20-minute observation before breath-alcohol tests does not make detention unlawful

The High Court has found that the 20-minute observation period traditionally used by the Gardaí before taking a breath-alcohol test did not make the detention of suspects unlawful.

The Gardaí had been accustomed to preceding breath-alcohol tests with a 20-minute observation period to ensure that the test was a true breath test and not contaminated by alcohol in the mouth.

The question before the Court was whether this was still necessary and lawful in light of the introduction of a new type of breathalyser known as the ‘Evidenzer’, which states in its manual that no observation period is required.

Two individuals, Ronan Stack and John Foley, had on separate occasions been held in a police station under s.4(8) of the Road Traffic Act 2010. They had been informed that they would be observed for 20 minutes, after which they were assessed using an Evidenzer.

In both cases, evidence was given by members of the Gardaí that they had been trained by the Medical Bureau of Road safety to have a 20-minute observation time when being taught to use the Evidenzer.

The District Court judges referred the following question to the High Court:

“In circumstances where it is acknowledged that the Manufacturer’s Manual for guidance of the Operator of the Evidenzer machine for breath testing does not require an observation period of twenty minutes prior to a test, and evidence has been heard that the Accused was detained for a period of twenty minutes prior to the formal requirement being communicated to him, pursuant to Section 12(1)(a) of the Road Traffic Act 2010 for the provision of breath specimens, did this constitute an unnecessary and unreasonable prolongation of his detention, thus rendering his detention unlawful and leaving the evidence, obtained by way of breath sample provided during such detention, tainted and inadmissible evidence against the Accused?”

The High Court judge Mr Justice Max Barrett noted a “harmonious quintet” of cases which were relevant: DPP v. Finn 1 I.R. 372, DPP v. McNiece 2 I.R. 614,DPP(Curran) v. Foley IEHC 11, DPP v. O’Sullivan IEHC 693 and DPP v. Dardis IECA 284.

He noted a constant adherence within the cases to “(a) the notion of reasonableness, by which the lawfulness of delay which, in effect, arises from the chance circumstance of life falls to be gauged, and (b) the need for justification by reference to objective reasons where one moved beyond the chance circumstance of life to the deliberate introduction of a discrete and defined minimum (20 minute) period of detention.”

He then identified key principles which could be taken from the case law.

First, that the onus was on the prosecution to establish beyond reasonable doubt, that a defendant had at all times been held in accordance with the law.

Second, delays through chance should be reasonable, and that reasonableness should be assessed with regard to individual circumstances. It was noted that generally speaking, a delay of 20 minutes simpliciter in dealing with an arrested person is not the kind of delay which could be treated as rendering an otherwise lawful custody, unlawful, absent special circumstances.

Third, in cases where delay was deliberate, it must be justified by objective reasons. In this regard, appropriate evidence may be forthcoming from a Garda witness alone.

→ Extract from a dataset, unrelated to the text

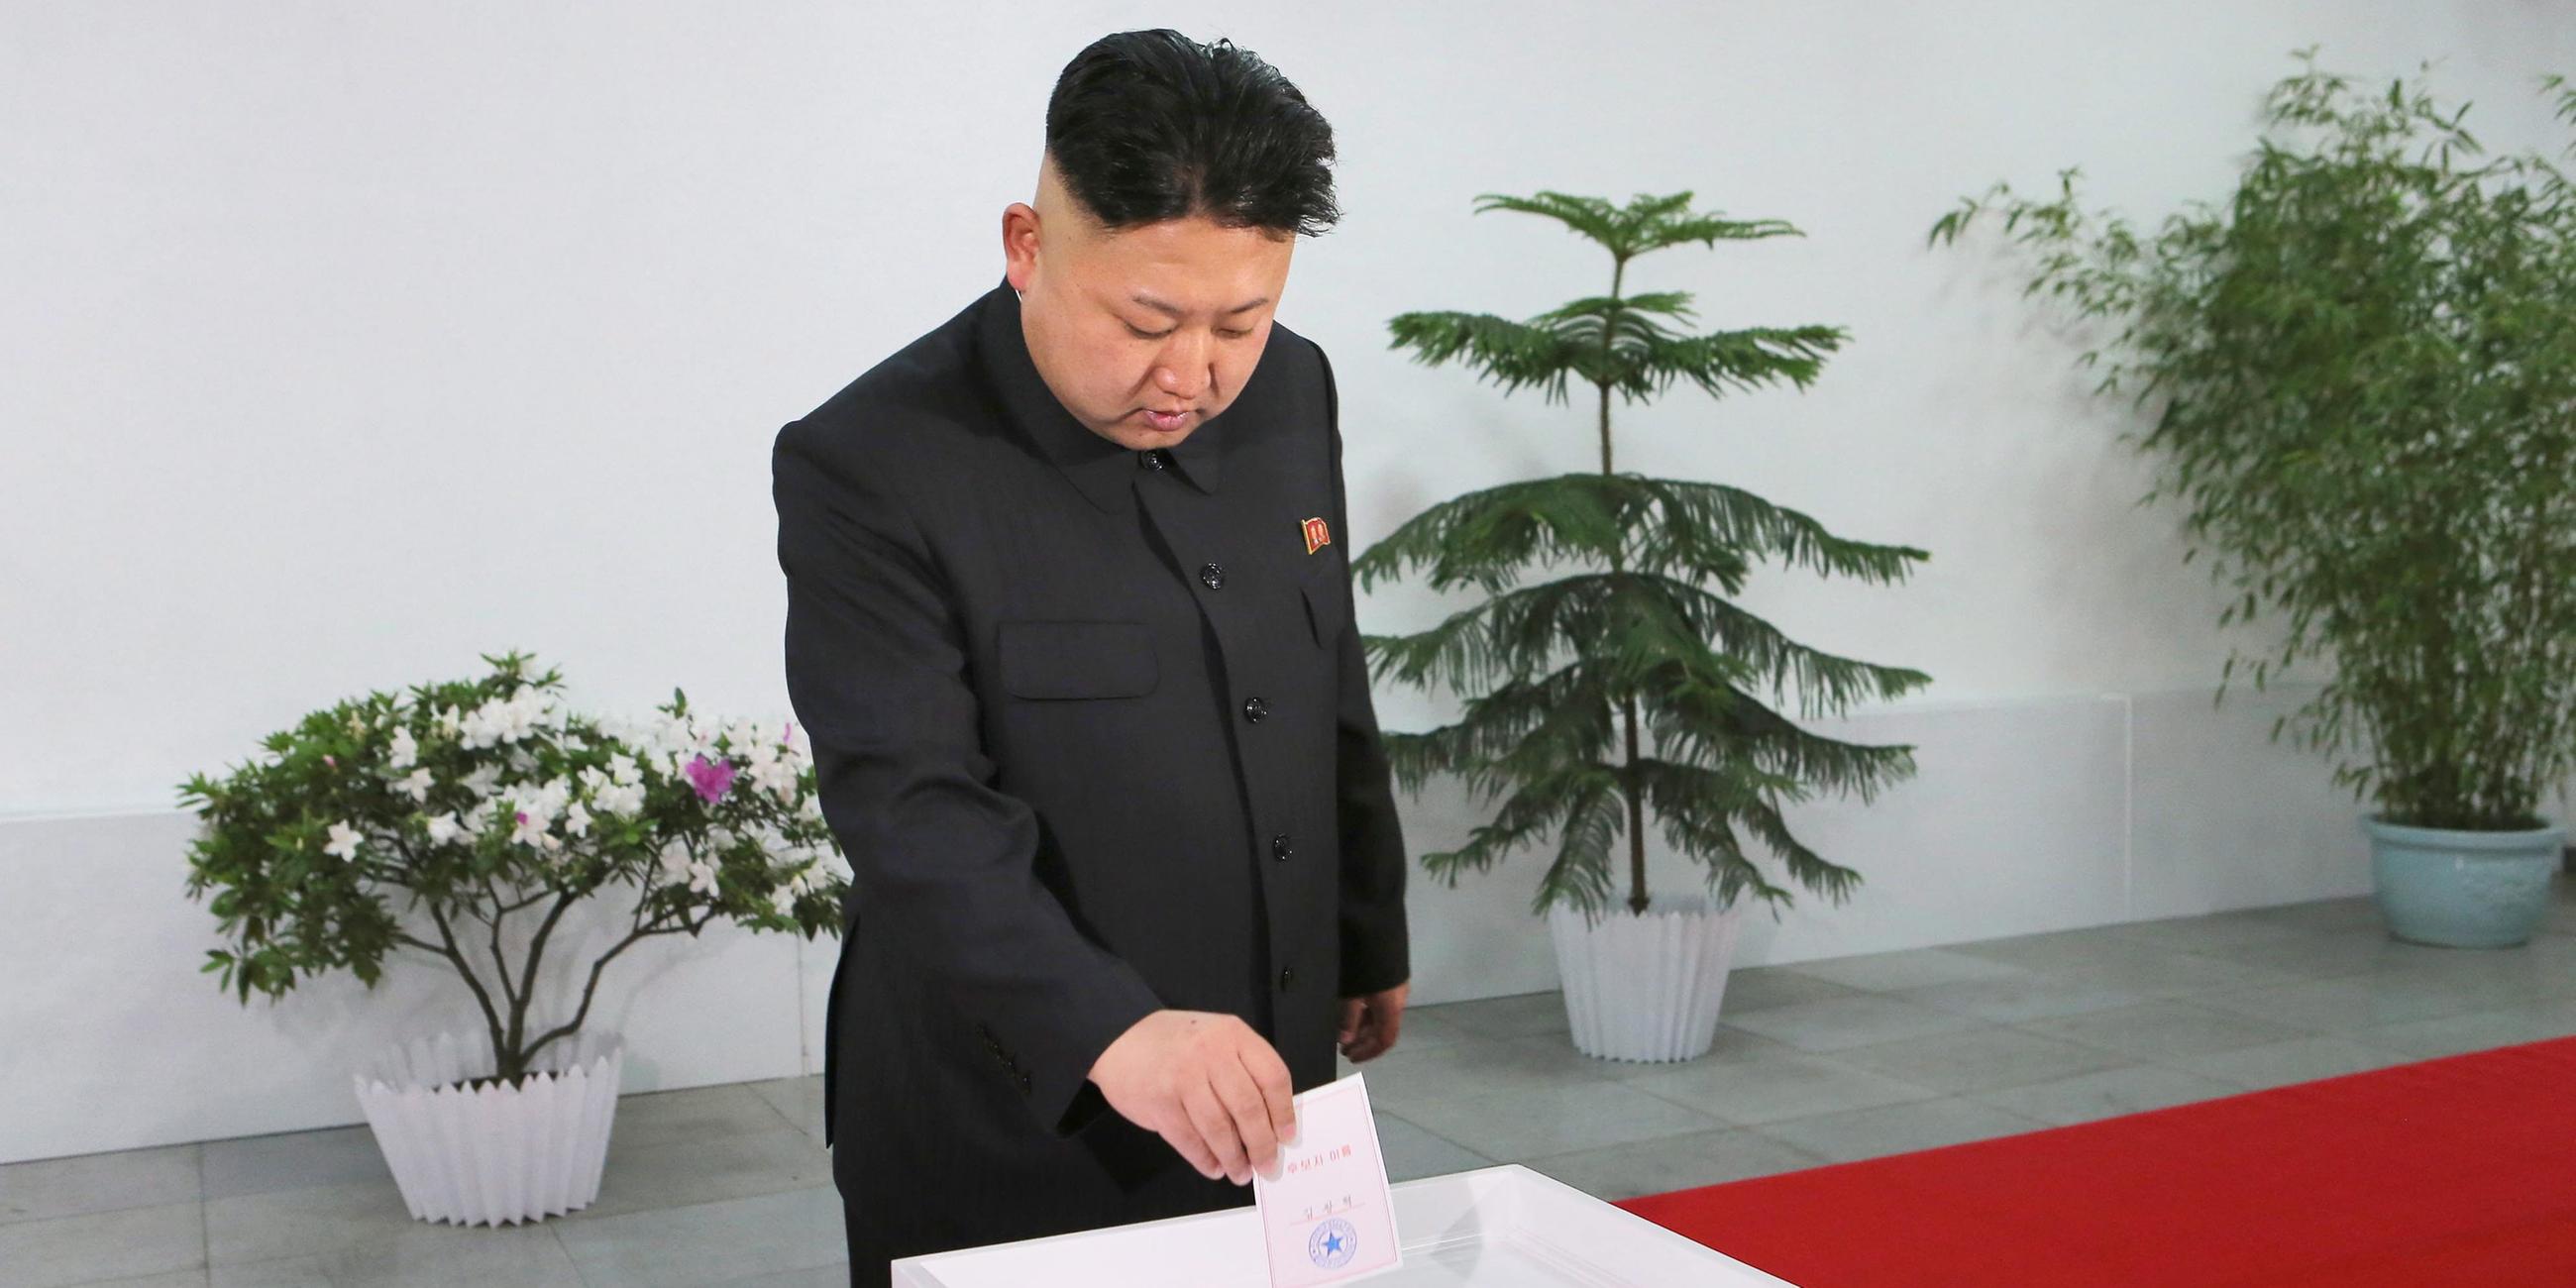 Kim Jong-un bei der Abgabe seines Wahlzettels - 2014

Procedural steps, if objectively justified, would not be required to be authorised by statute or statutory regulations to be lawful, provided they are shown on the evidence to be reasonably necessary to give effect to the purpose for which the arrest was authorised by law.

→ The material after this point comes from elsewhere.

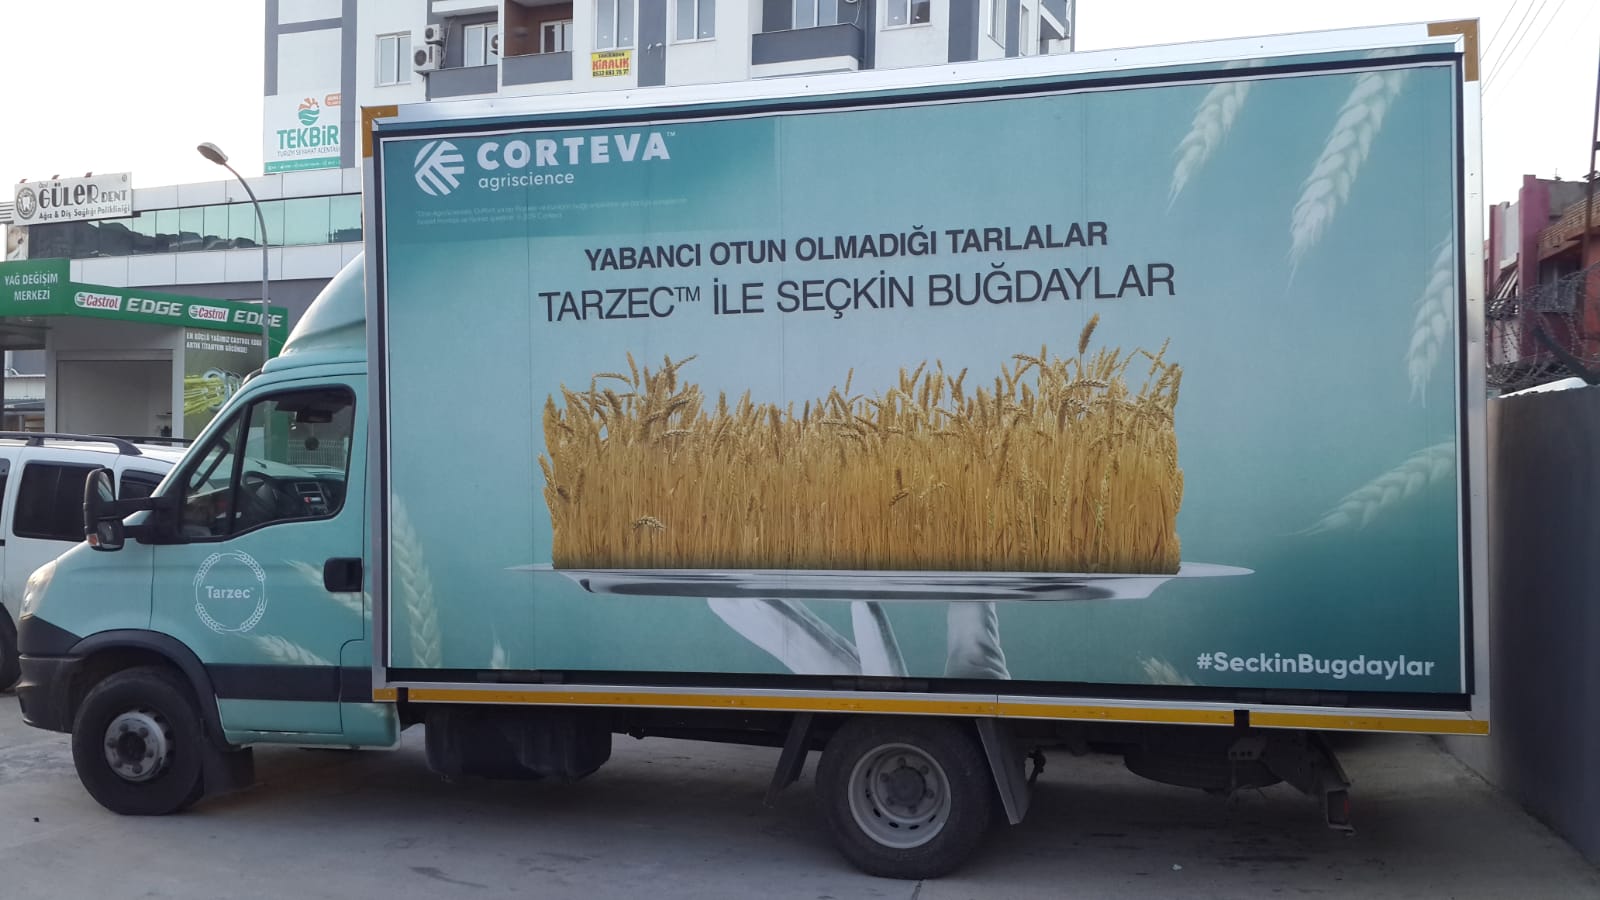 Corteva - Seçkin Buğdaylar

Turning to the specific cases, it was noted that the Garda witnesses gave uncontroverted evidence before the District Court that they respectively applied a 20-minute observation period in accordance with training provided by the Medical Bureau of Road Safety – the body with responsibility under the Road Traffic Acts for the approval and supply of breathalysers.

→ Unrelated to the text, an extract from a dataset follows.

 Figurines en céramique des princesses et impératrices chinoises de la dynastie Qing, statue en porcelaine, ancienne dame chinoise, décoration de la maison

It was clear therefore that the Garda witnesses gave reasonable and objective reasons for the detention period arising sufficient to satisfy the ‘reasonable necessity’ test identified by the Supreme Court in Finn and applied consistently in the years since.

As a result, the judge concluded that “having regard to all of the foregoing, the court’s respectful answer to the question posed by District Judge McNulty in the proceedings concerning, respectively, Mr Stack and Mr Foley, is ‘No’.”